- _ABOUT THIS EXERCISE_
Exact reproduction is required for the lines below starting at the line with "El cantante Ariel" and ending at the line with "LabconEclipse™ 1200 μL Pipette Tips for Rainin™ LTS Pipettors 96", both included. No other lines, and no pictures.

(DATA FOR ANALYSIS)

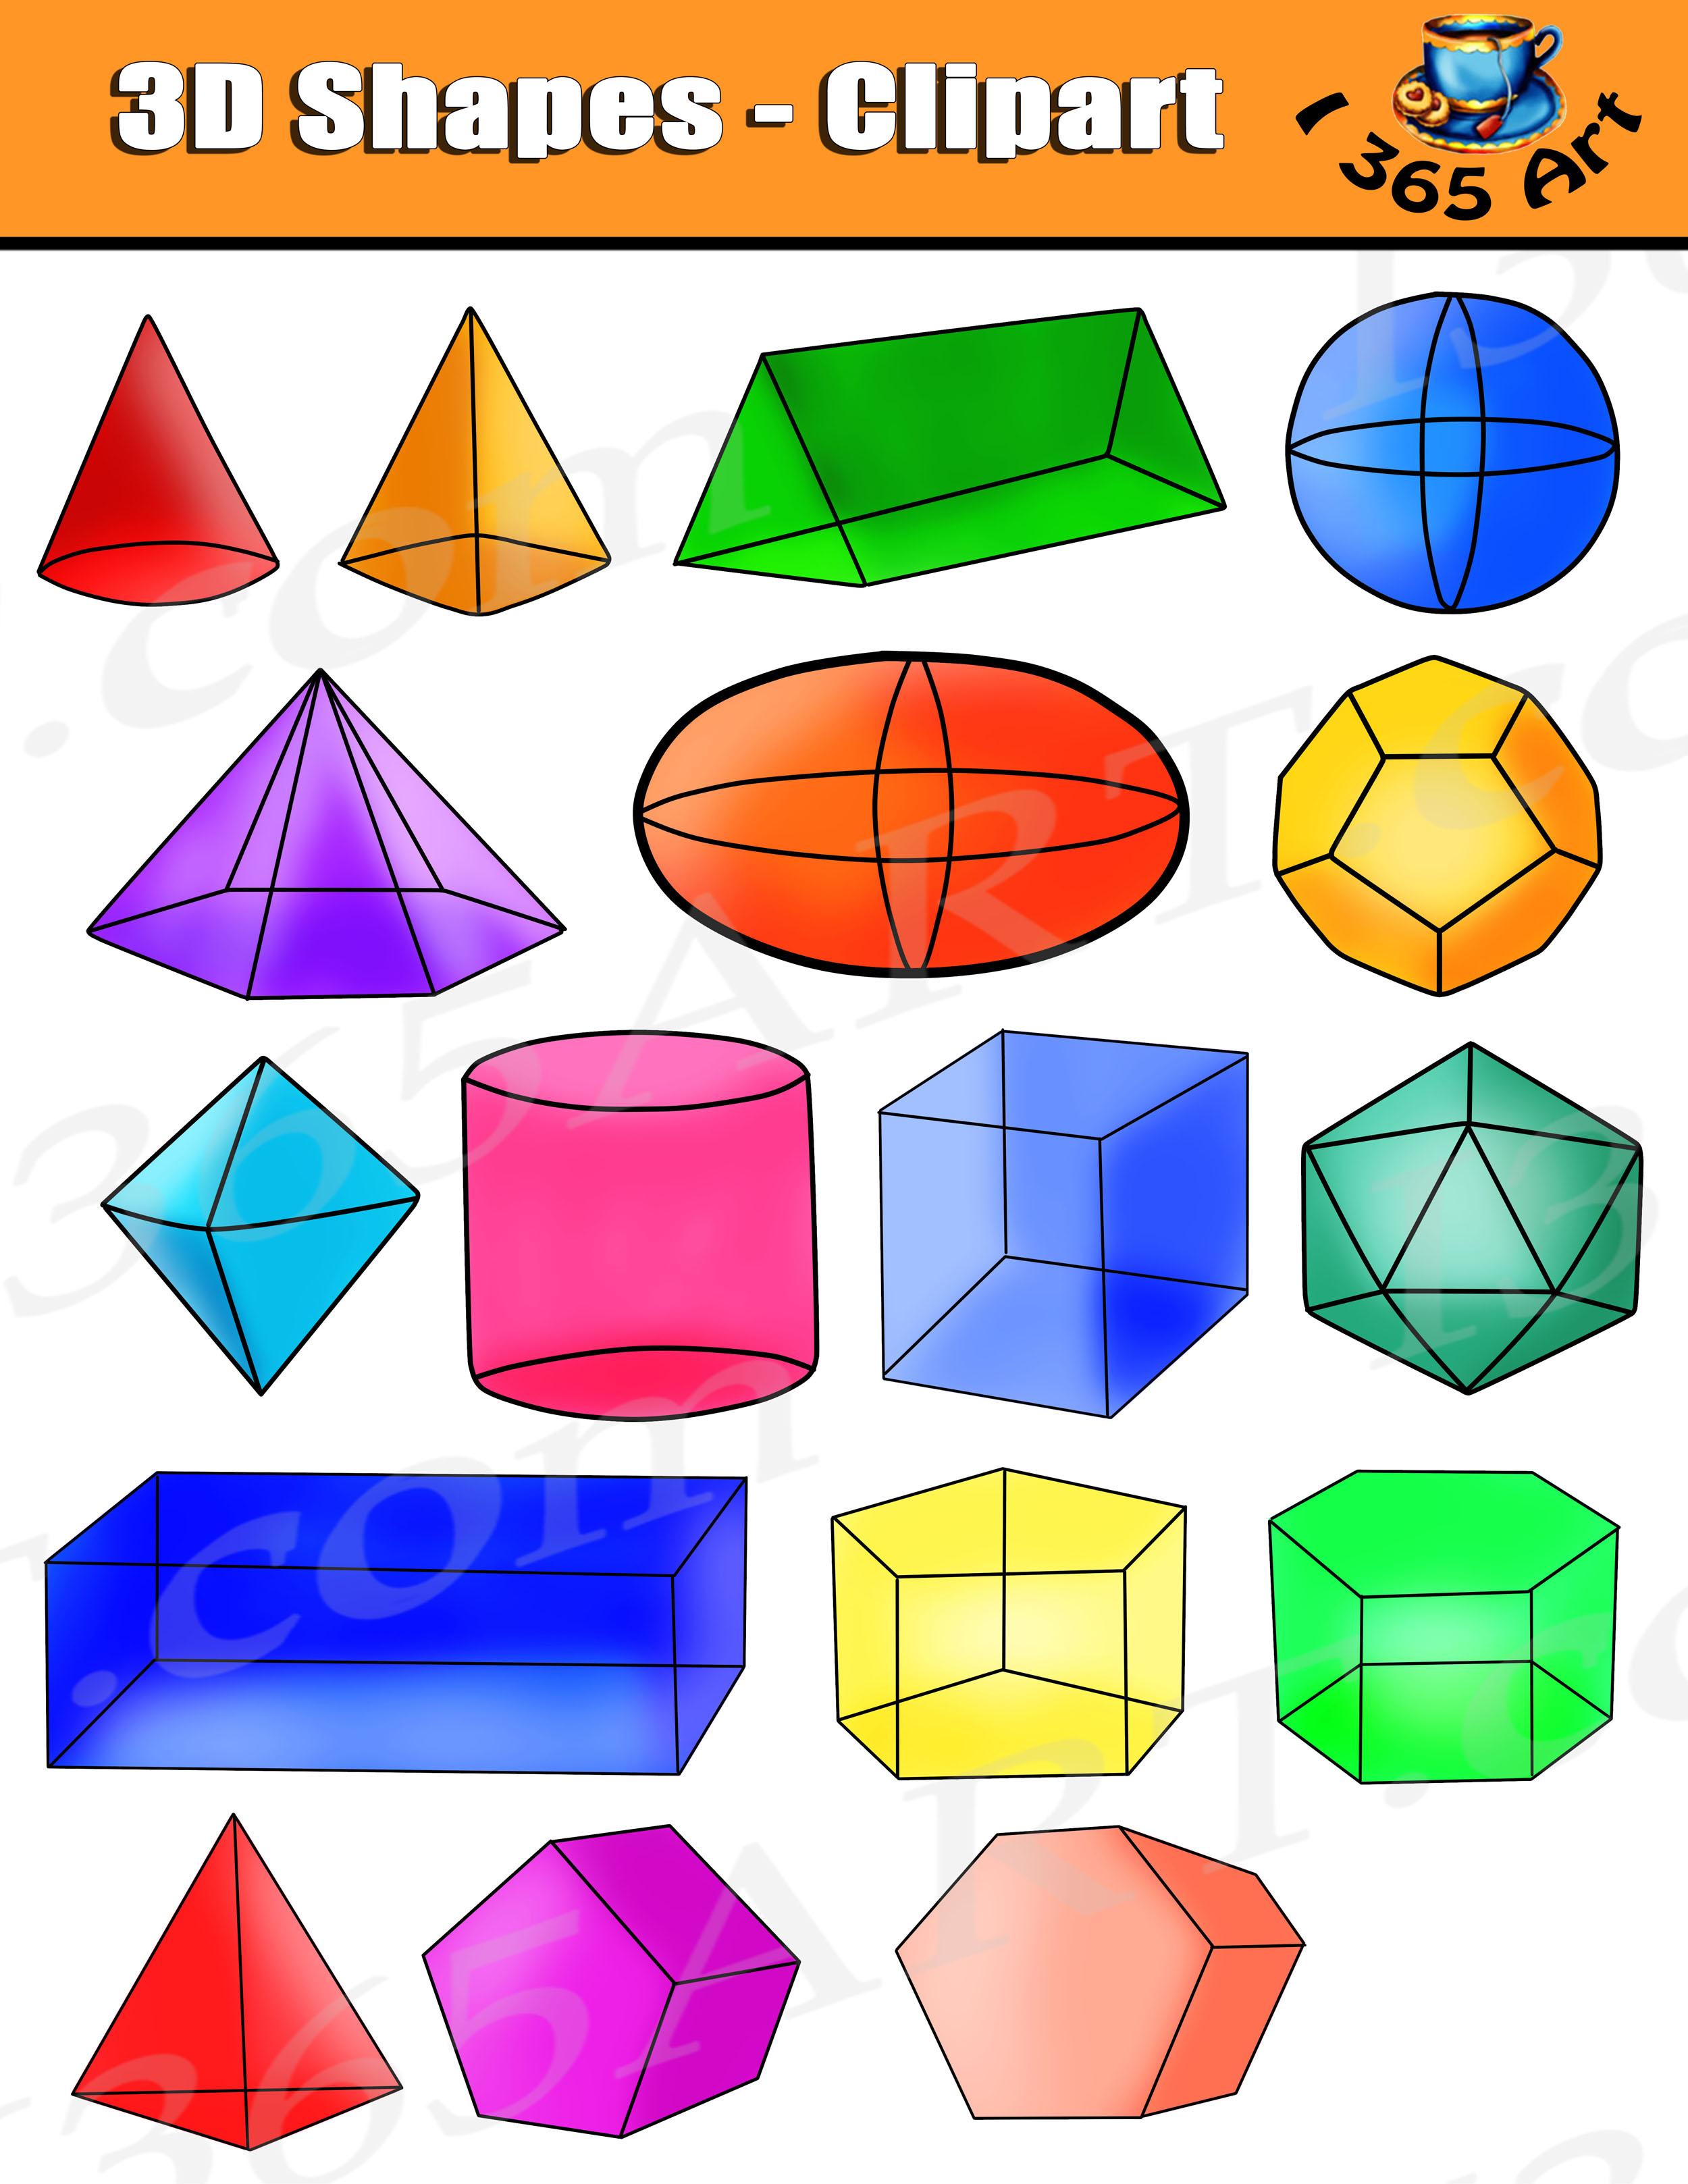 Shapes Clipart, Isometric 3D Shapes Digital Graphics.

(End DATA FOR ANALYSIS)
(DATA FOR ANALYSIS)

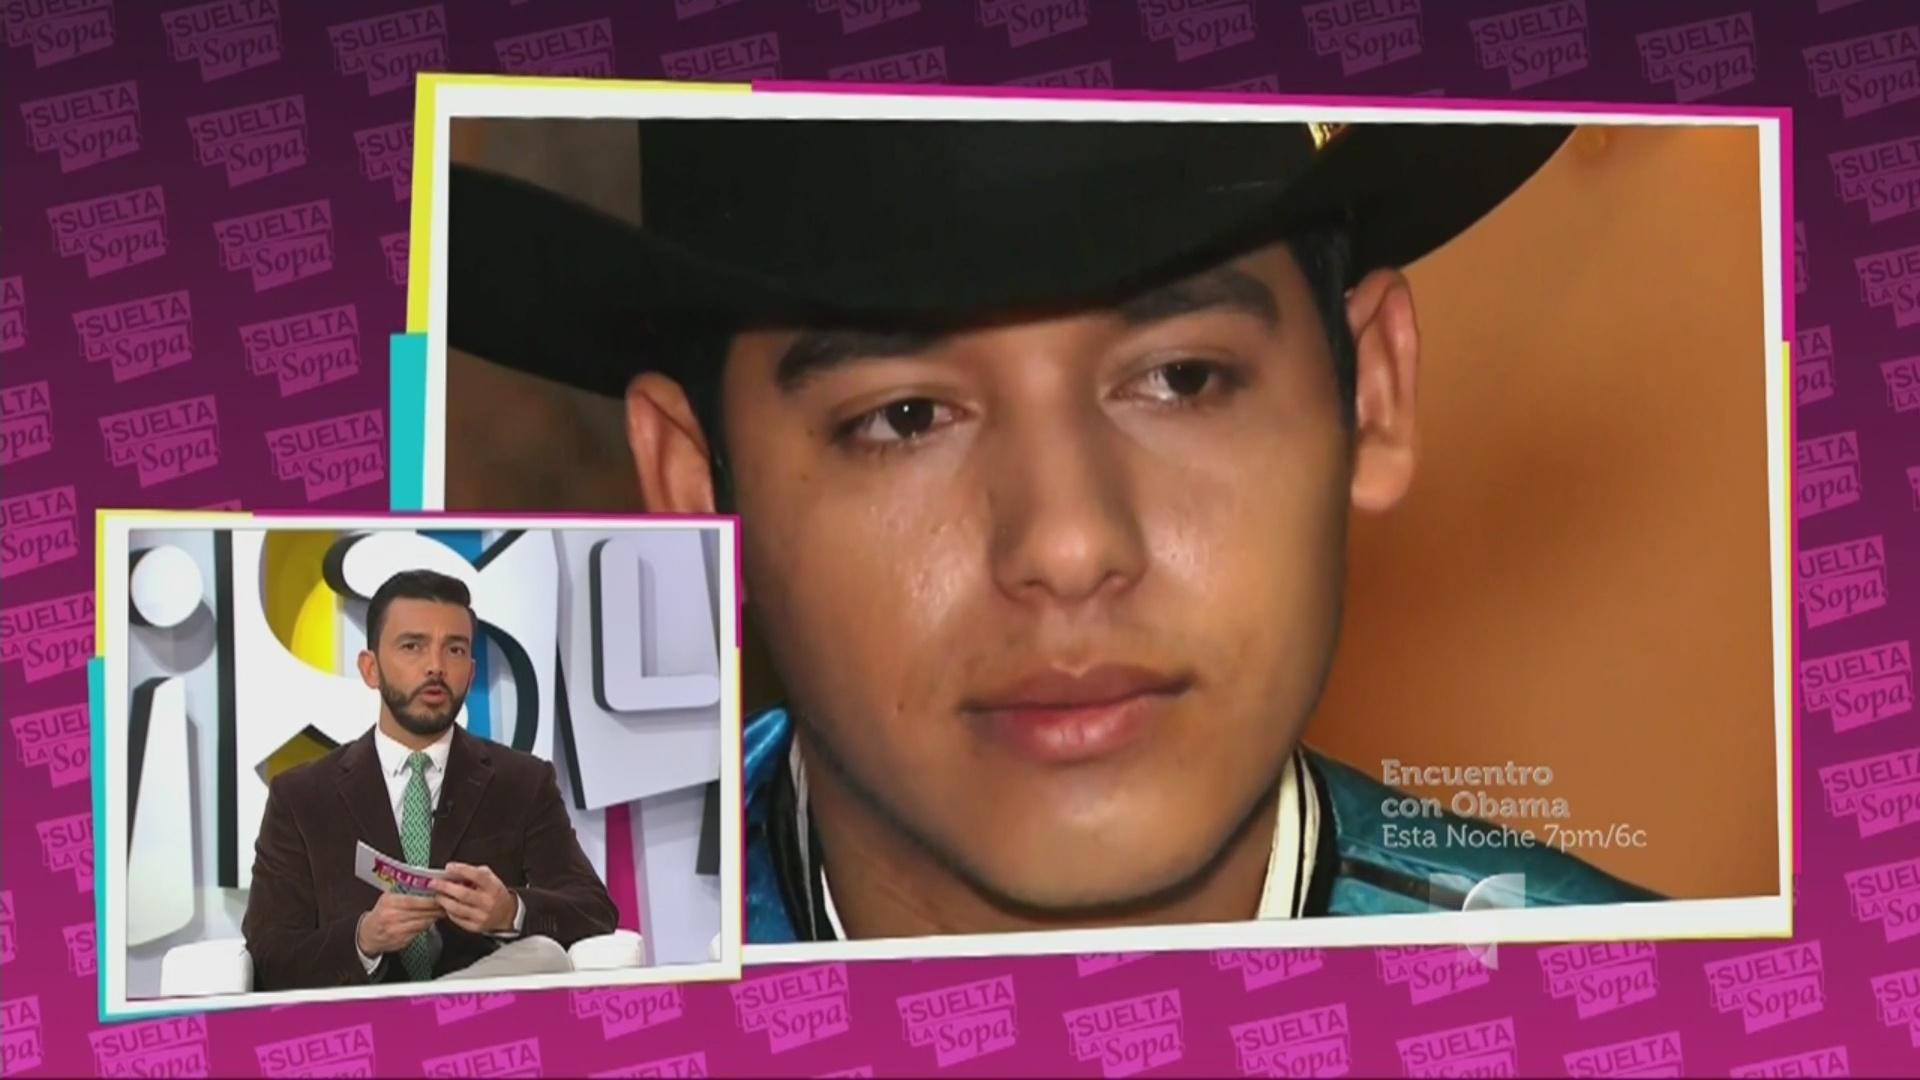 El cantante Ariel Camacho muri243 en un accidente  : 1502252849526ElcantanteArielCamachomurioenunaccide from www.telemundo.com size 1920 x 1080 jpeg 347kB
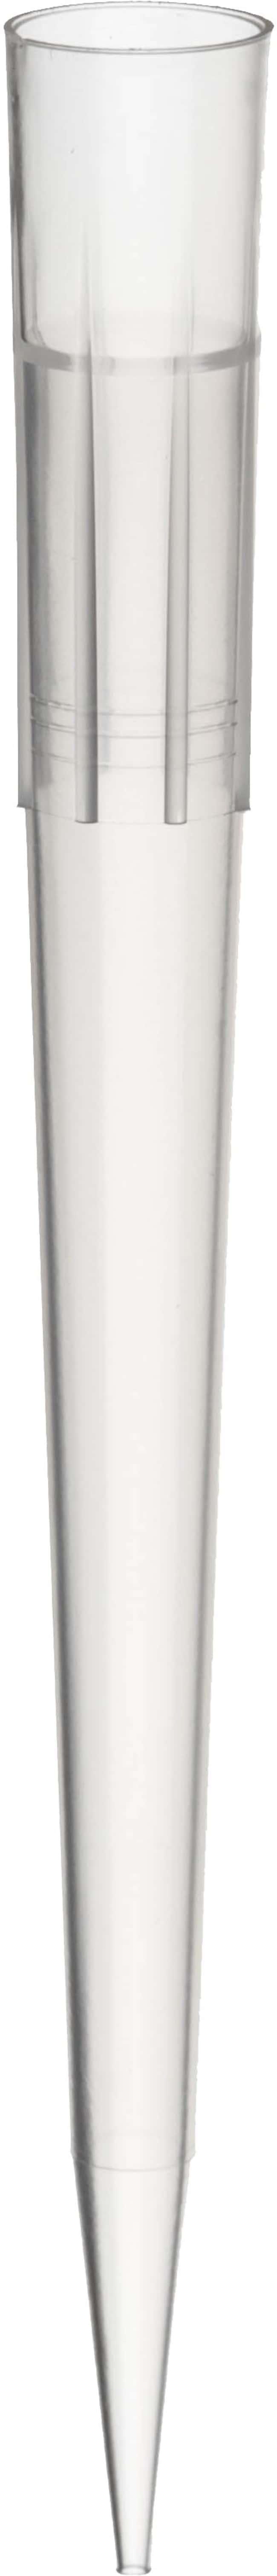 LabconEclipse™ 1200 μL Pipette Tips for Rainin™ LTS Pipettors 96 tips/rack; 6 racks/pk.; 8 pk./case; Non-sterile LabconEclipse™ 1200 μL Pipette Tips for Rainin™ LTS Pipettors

(End DATA FOR ANALYSIS)
(DATA FOR ANALYSIS)

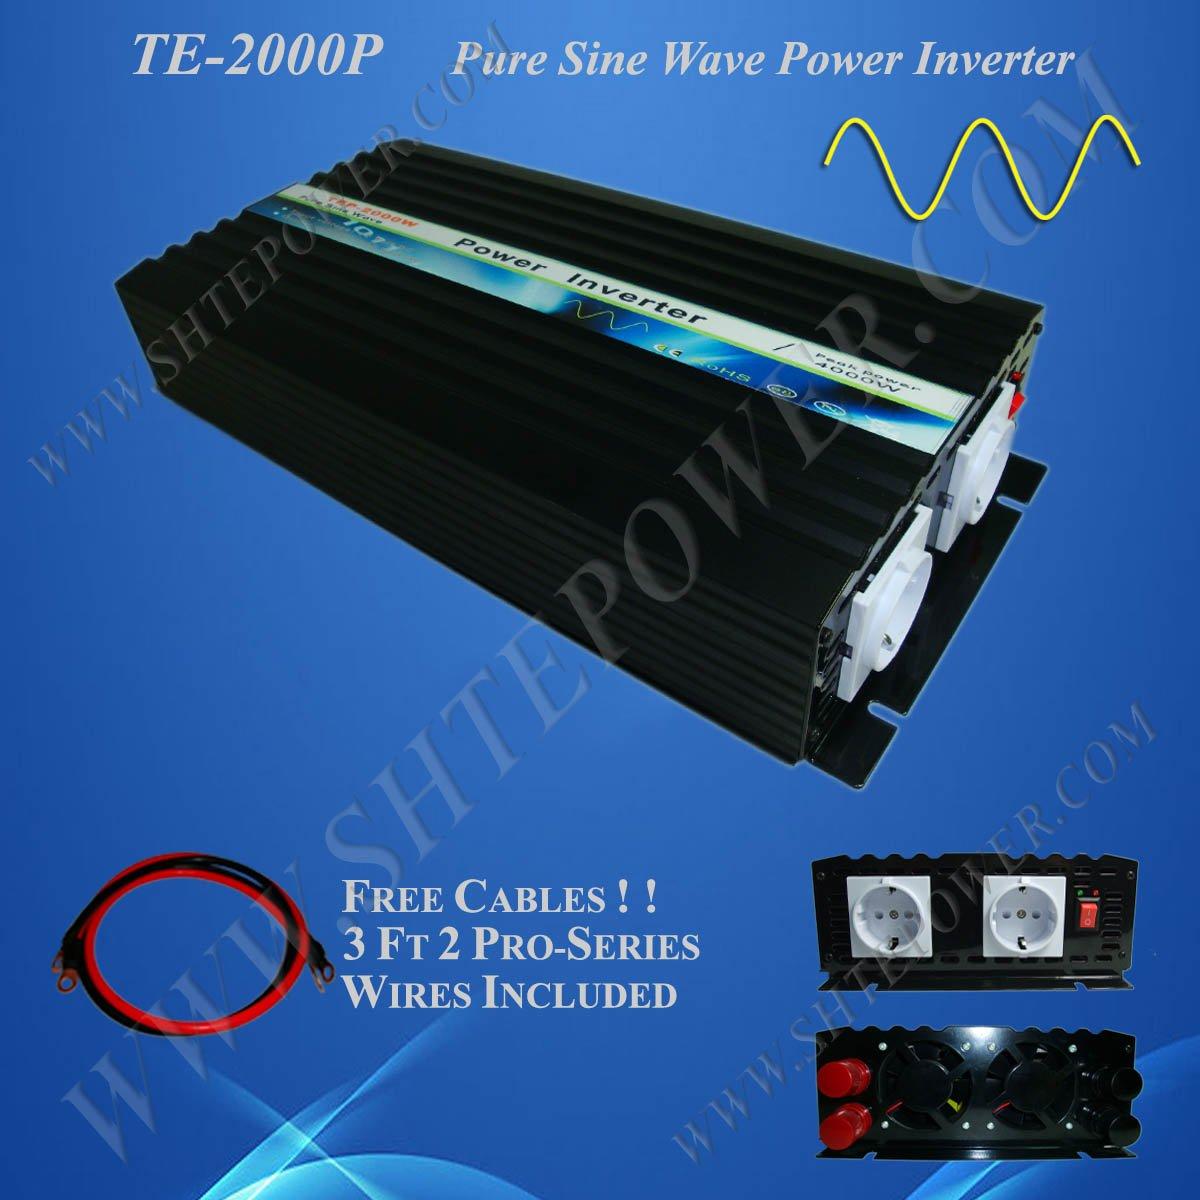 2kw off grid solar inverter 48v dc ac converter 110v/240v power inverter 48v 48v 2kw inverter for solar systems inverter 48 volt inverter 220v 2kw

(End DATA FOR ANALYSIS)

- _EXERCISE RESULT_
 El cantante Ariel Camacho muri243 en un accidente  : 1502252849526ElcantanteArielCamachomurioenunaccide from www.telemundo.com size 1920 x 1080 jpeg 347kB
 LabconEclipse™ 1200 μL Pipette Tips for Rainin™ LTS Pipettors 96 tips/rack; 6 racks/pk.; 8 pk./case; Non-sterile LabconEclipse™ 1200 μL Pipette Tips for Rainin™ LTS Pipettors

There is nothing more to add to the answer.